An estate lawyer or tax expert can help you through the complex processes for big estates. This can include those with special childcare needs, business concerns, or disowned heirs.

4. Decide on a Legal Document 

When it comes to estate planning, a will is not the only legal document. So after setting all you need in your estate plan, you can draft legal documents to ensure things go as planned. These documents often include the following:

  • A will
  • Trust agreements
  • A medical power of attorney
  • Financial power of attorney
  • Guardianship designations
  • Insurance policies
  • Titles and property deeds
  • Letter of Intent

The letter of intent is not a legal document, but creating it is a good idea. It gives your family or executor access to private information. For example, your bank account passwords and access to vital files. Also, it lets them know your Social Security Number in case the need arises. 

5. Cross-check Your Beneficiary List

While your wishes show in your will and other legal documents, they may not apply everywhere.

Thus, it is crucial to cross-check your retirement and insurance funds.

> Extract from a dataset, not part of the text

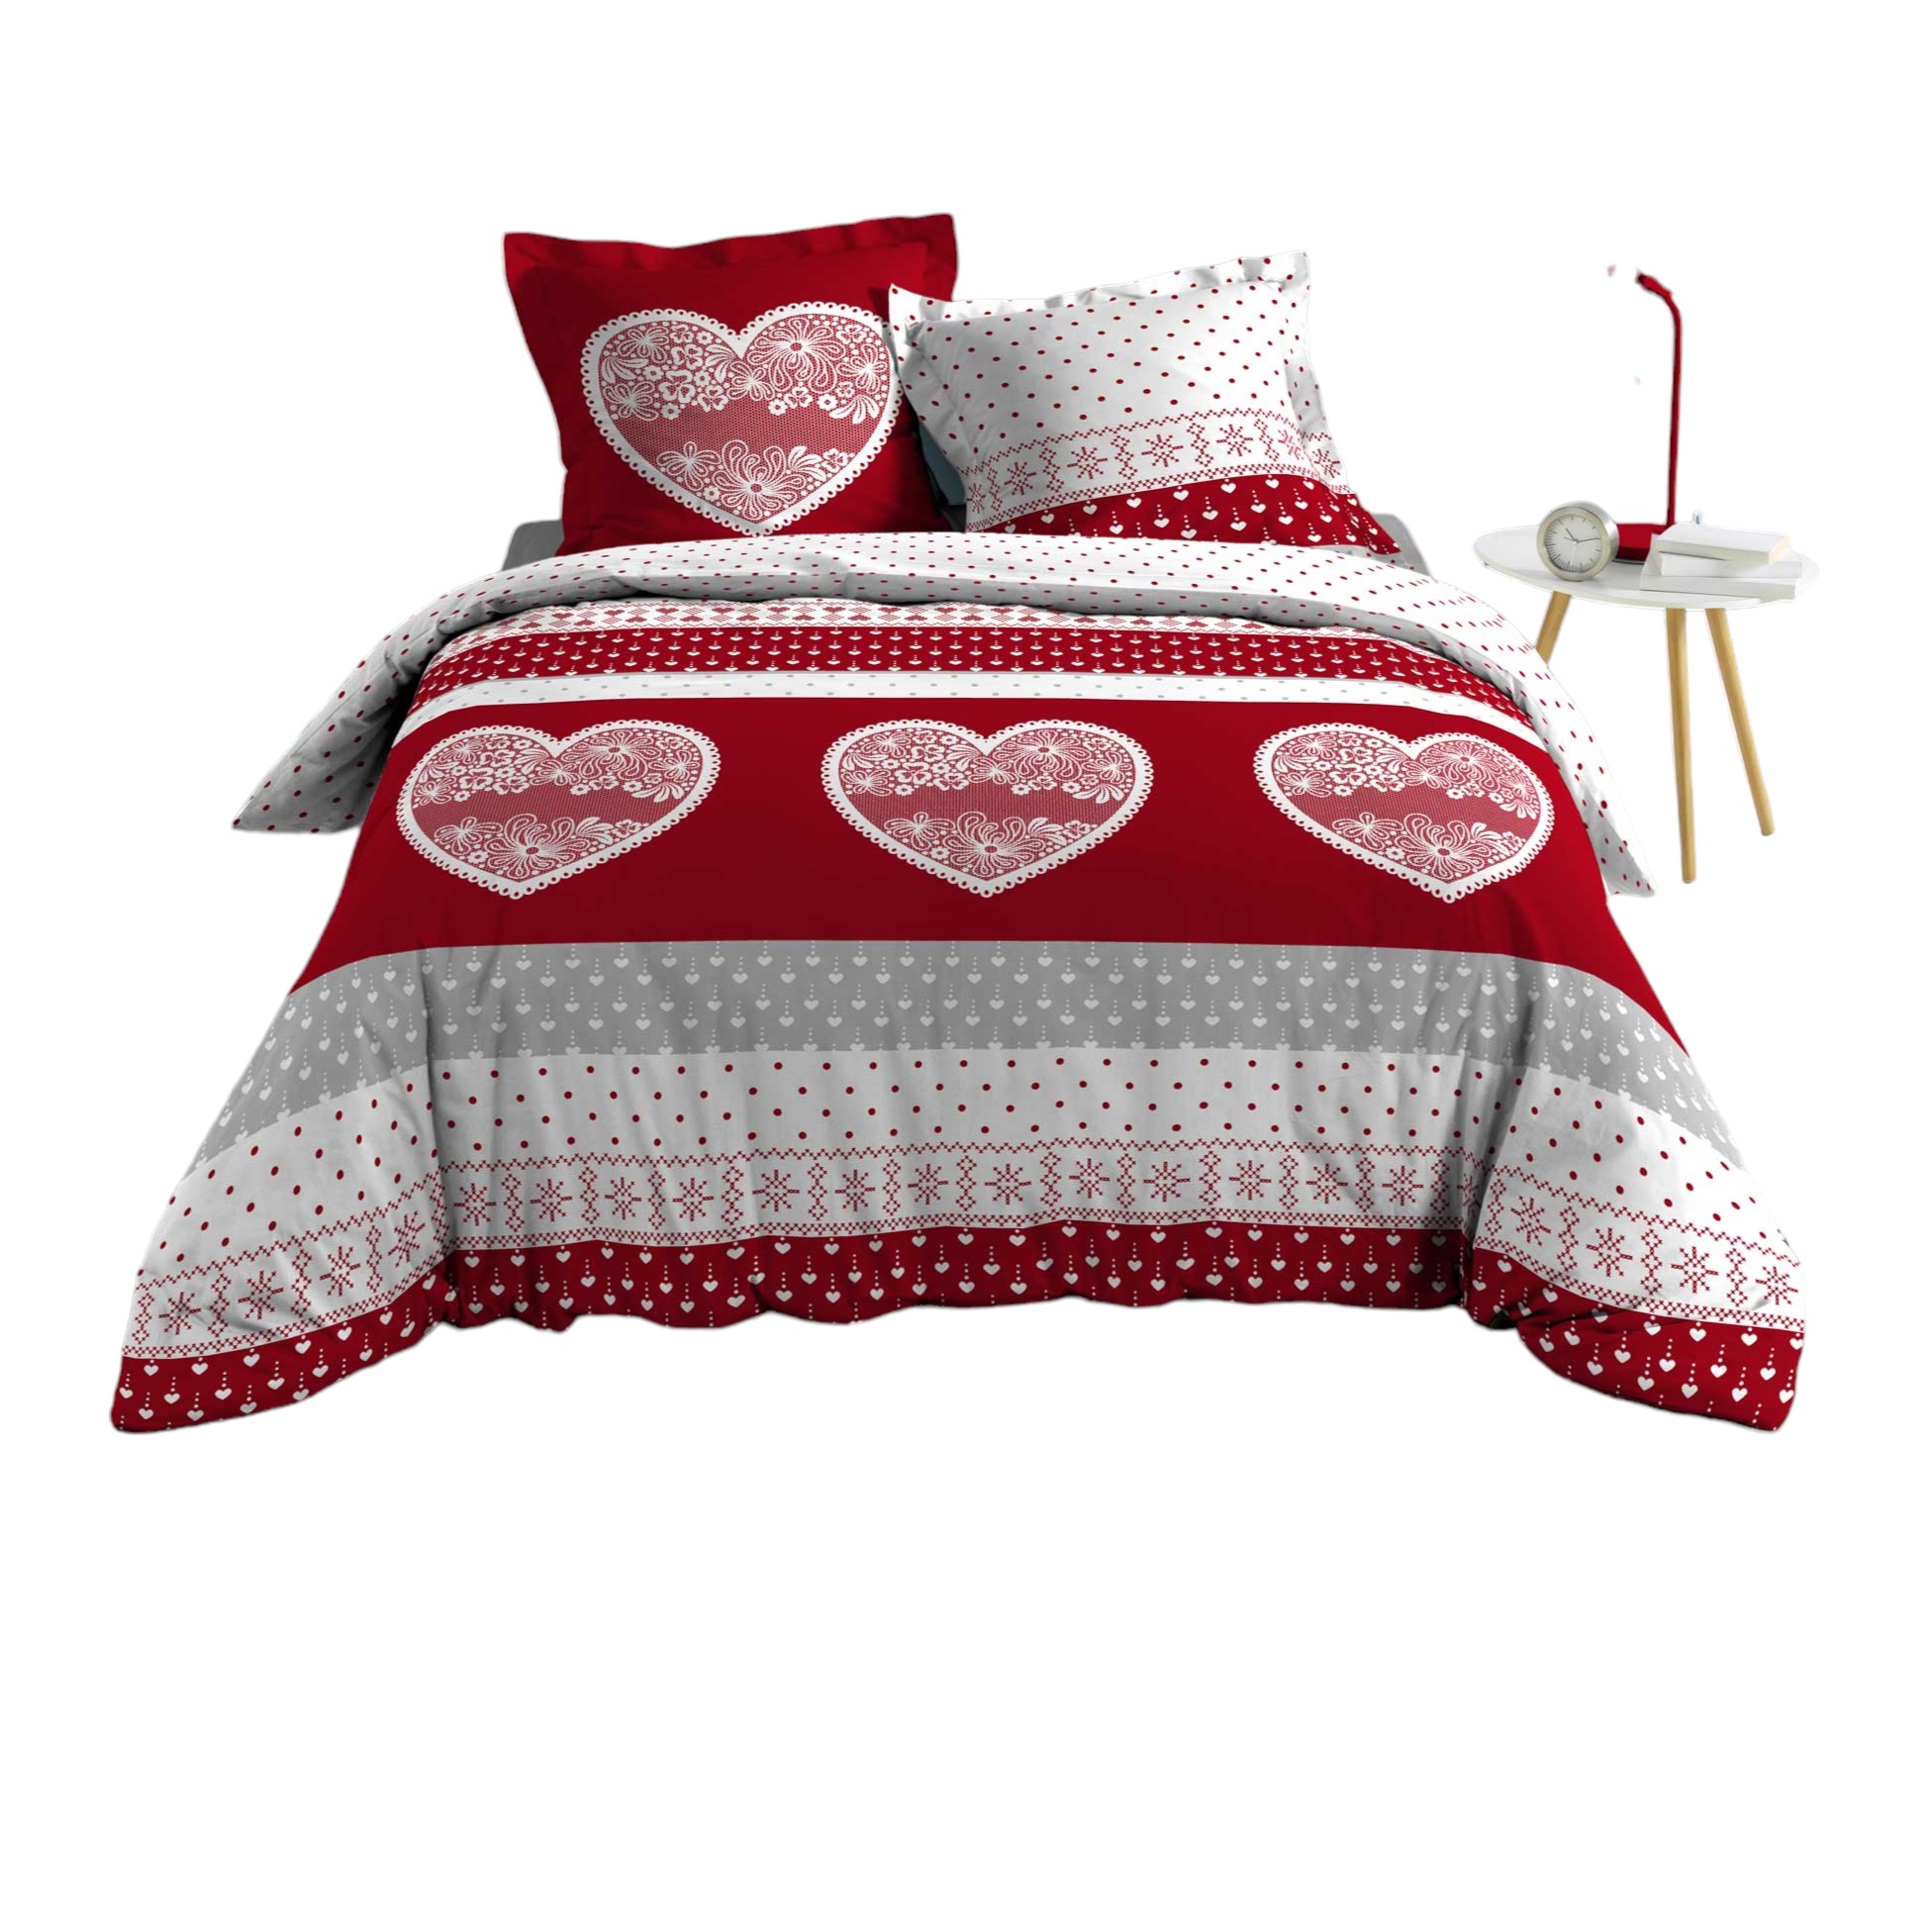 Housse couette + taies 220 x 240 cm Passionement coeur

This is because choosing a beneficiary is a part of a retirement plan. It is also part of insurance policies. And it surpasses whatever you wrote in your will. So it is vital to check them and make changes as necessary. 

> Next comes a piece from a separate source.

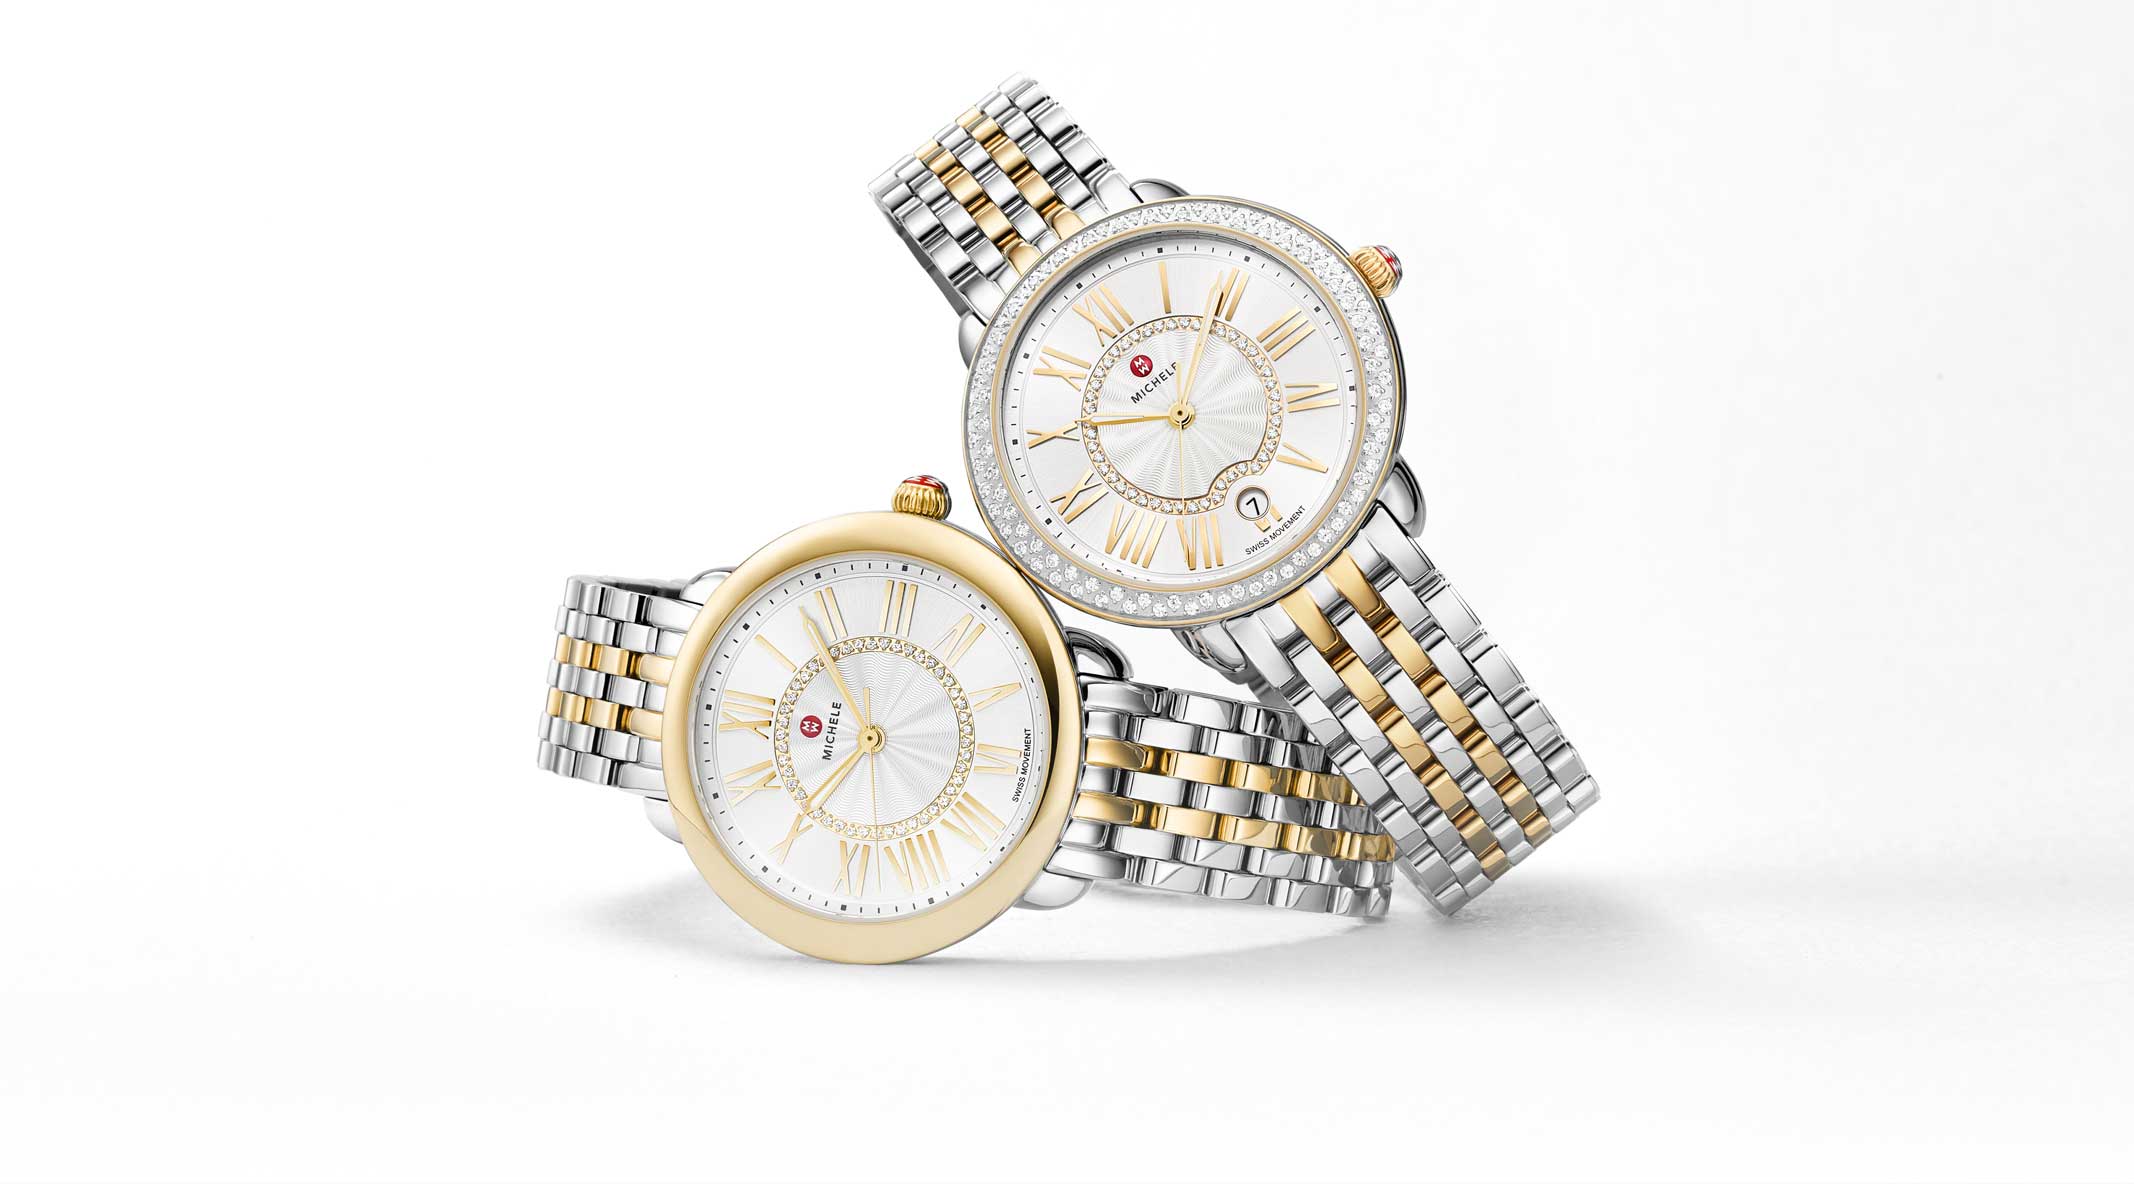 Two serein watches featuring signature round silhouette, Roman numeral indexes, one with a diamond-covered bezel. Both in two-tone stainless and 18K gold.

Moreso, it will ensure the correct persons get your properties. Sometimes people forget their beneficiaries, especially on accounts or insurance they’ve had for a long time. For example, if your former spouse is a beneficiary on your life insurance policy, your current spouse won’t get any of the policy’s payout if you don’t update your beneficiary’s list.

As a result, you must not leave any beneficiary sections empty. According to its estate law, the state will distribute the properties if found empty during probate. 

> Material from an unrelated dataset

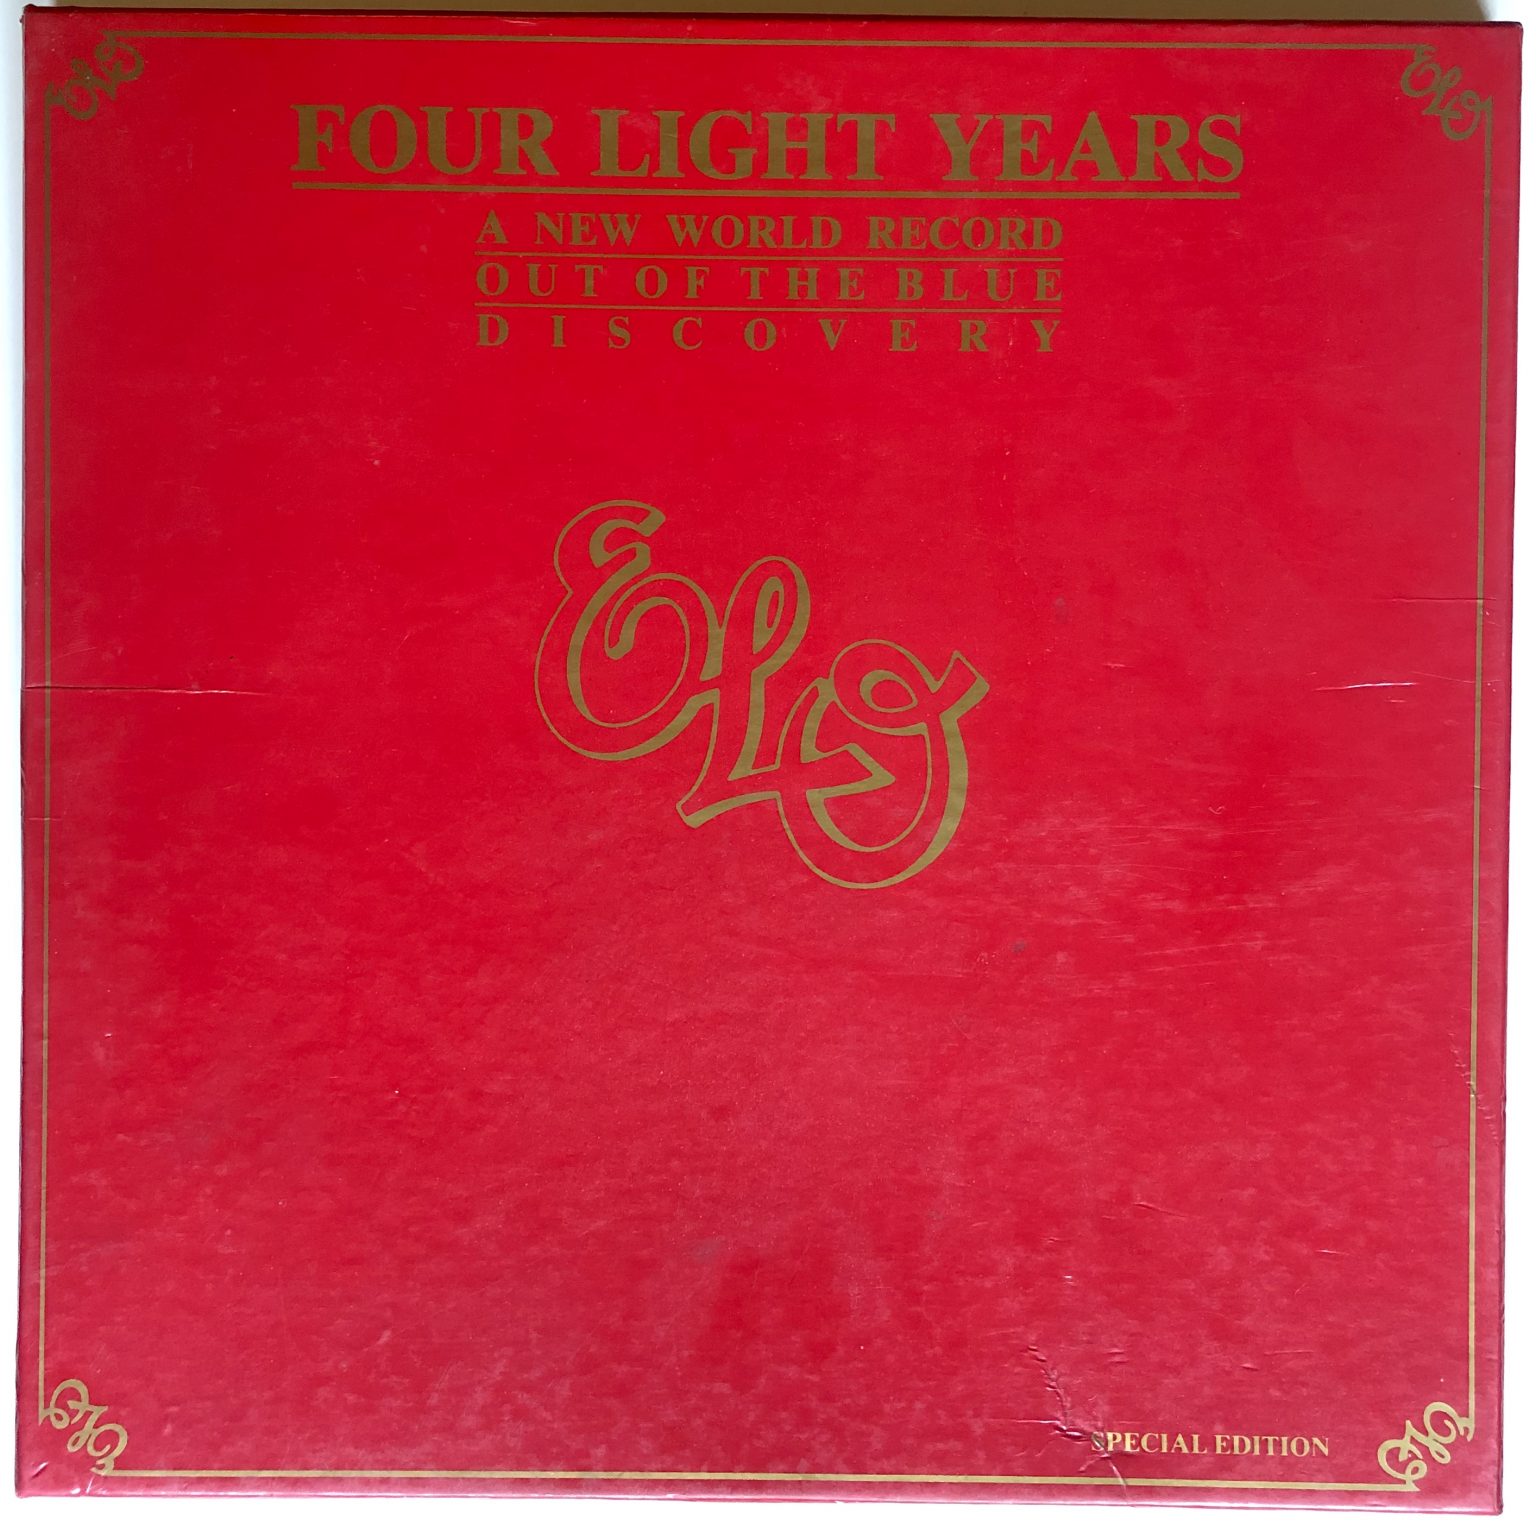 Electric Light Orchestra – Four Light Years [BOX]

Finally, list potential beneficiaries. If your major beneficiary passes away before you do and you forget to change the primary beneficiary, then backup beneficiaries will be there to cover up.

6. Know the Estate Planning Laws in Your State

It is common to reduce estate and inheritance taxes through estate planning. But most people won’t pay those taxes.

The federal government only levies estate taxes on vast estates. An estate’s exemption from federal taxation in 2021 is $11.07 million and $12.06 million or less is exempt in 2022. 

What if your estate is bigger than the federal tax exemption amounts allow? If you want to lessen the taxes your heirs pay, you might want to consider using a grantor-retained annuity trust (GRAT).

More so, there are estate taxes in various states. So, estates with a value below the federal government’s exemption limit may be subject to estate tax. 

In addition, some states impose inheritance taxes. This means that the person who inherits your wealth can be subject to paying taxes on it.

Bottom Line

Before drafting that estate plan, you should go through the plan, so you don’t lose your properties. 

Also, work with your estate planning attorney. And put all these pointers into thought to create the perfect estate plan.